A total of 4 control, 6 high pressure plus placebo and 5 animals receiving high pressure plus TUDCA completed the protocol period – 2 animals died in preparation. The groups had no significant differences in gas exchange or haemodynamic variables between groups at baseline (Table 1). During the study period, CO tended to decrease in all group but more so in group 2 (Table 1 and Figure 3). Of interest, since the lower CO in group 2 was associated with similar LVEDP and mean pulmonary arterial pressure than those measured in group 1 and 2 (Table 1), the calculated pulmonary vascular resistance (PVR) was also the highest in group 2, which could have contributed to the greater drop in CO in this group.

Lung apoptosis was non-normally distributed between groups. The p-value for this data was 0.102, meaning that there was insufficient evidence to reject the null hypothesis of no difference in apoptosis at the 5% level. However, compared to group 1, lung apoptosis was increased in group 2 (p < 0.05), but not in group 3, as evaluated by simple t-tests (Figure 1).

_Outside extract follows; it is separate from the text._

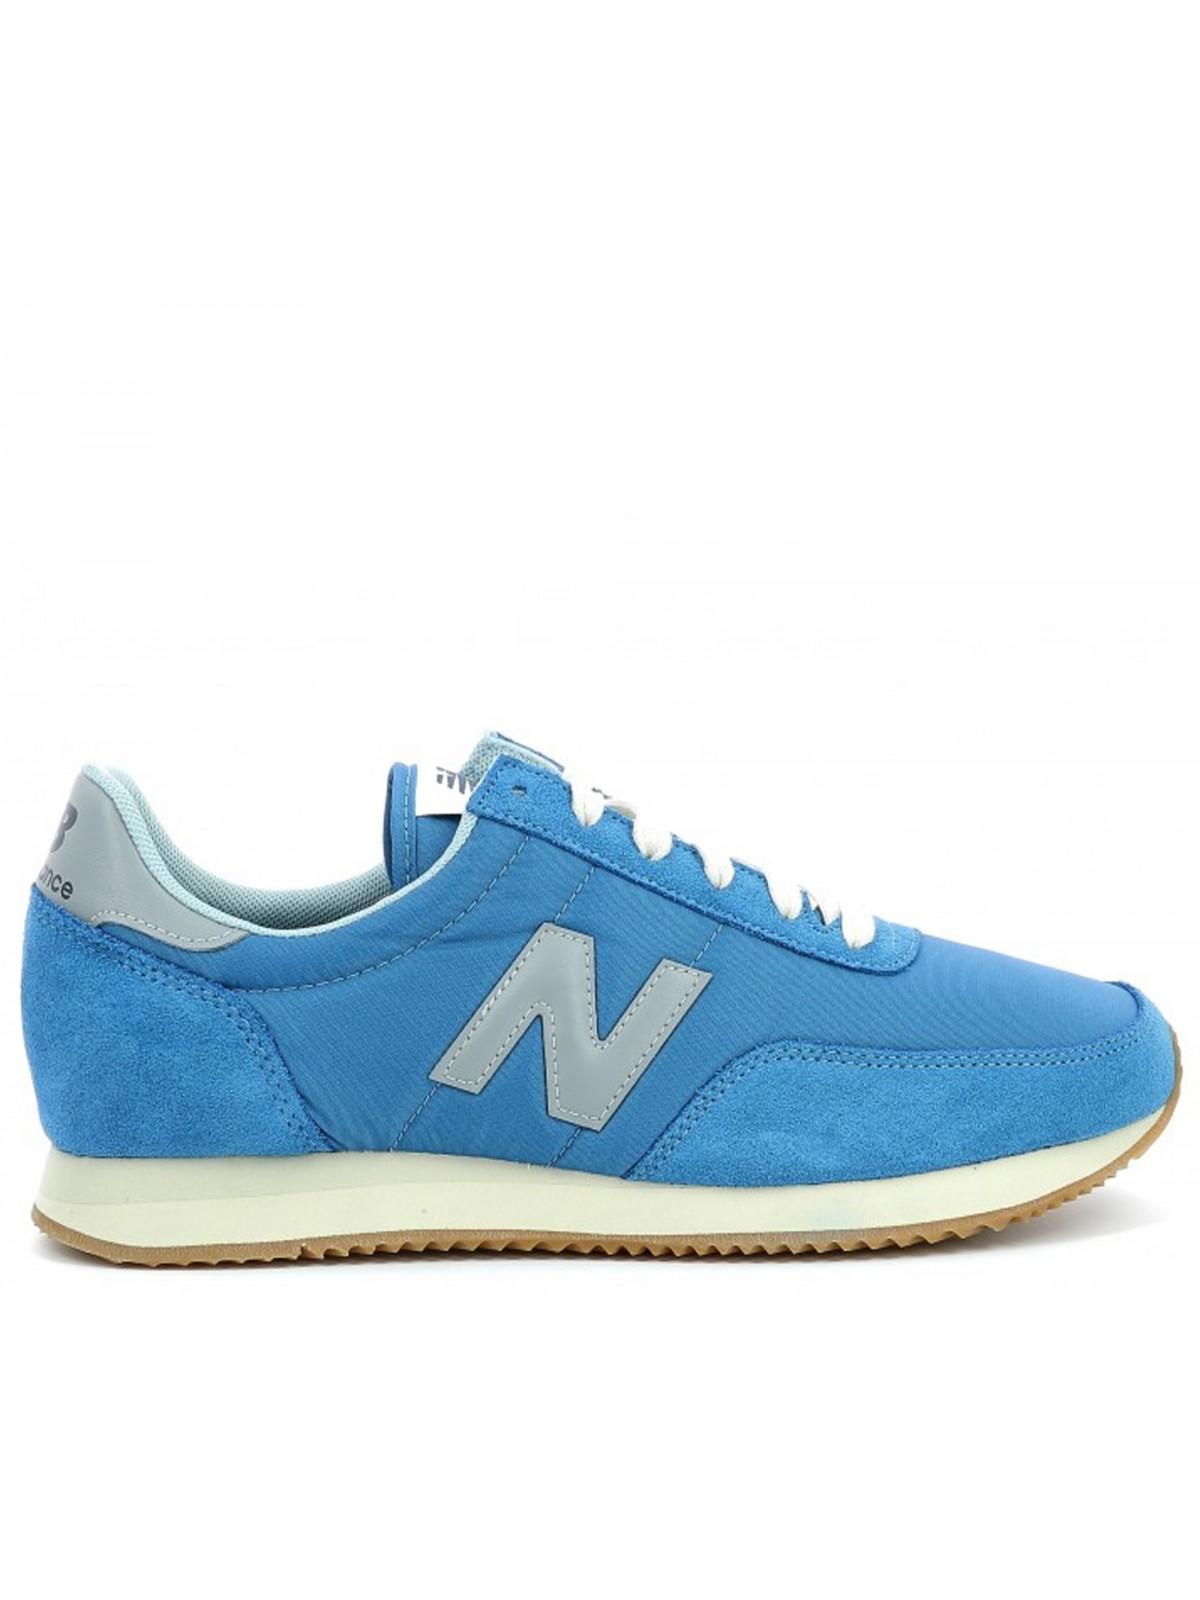 New Balance UL720 nylon blue

Similar to lung apoptosis, kidney apoptosis exhibited a large degree of non-normality, and so the association between it and the treatment group was also examined with a Kruskal-Wallis test. The null hypothesis of no difference in ranks was not rejected in this case, as the p-value produced by the test was 0.196 (Figure 2).

Unlike apoptosis outcomes, WW/DW data did not appear to have significant skew or non-constant variances, so assumptions made in one-way ANOVA may have been valid for this outcome. However, for the sake of simplicity and continuity, a Kruskal-Wallis test was also used to measure the association between WW/DW and treatment group. In this case, the resulting p-value was 0.012, which indicates that wet and dry weights are significantly different between groups, at the 95% level of confidence (Figure 3).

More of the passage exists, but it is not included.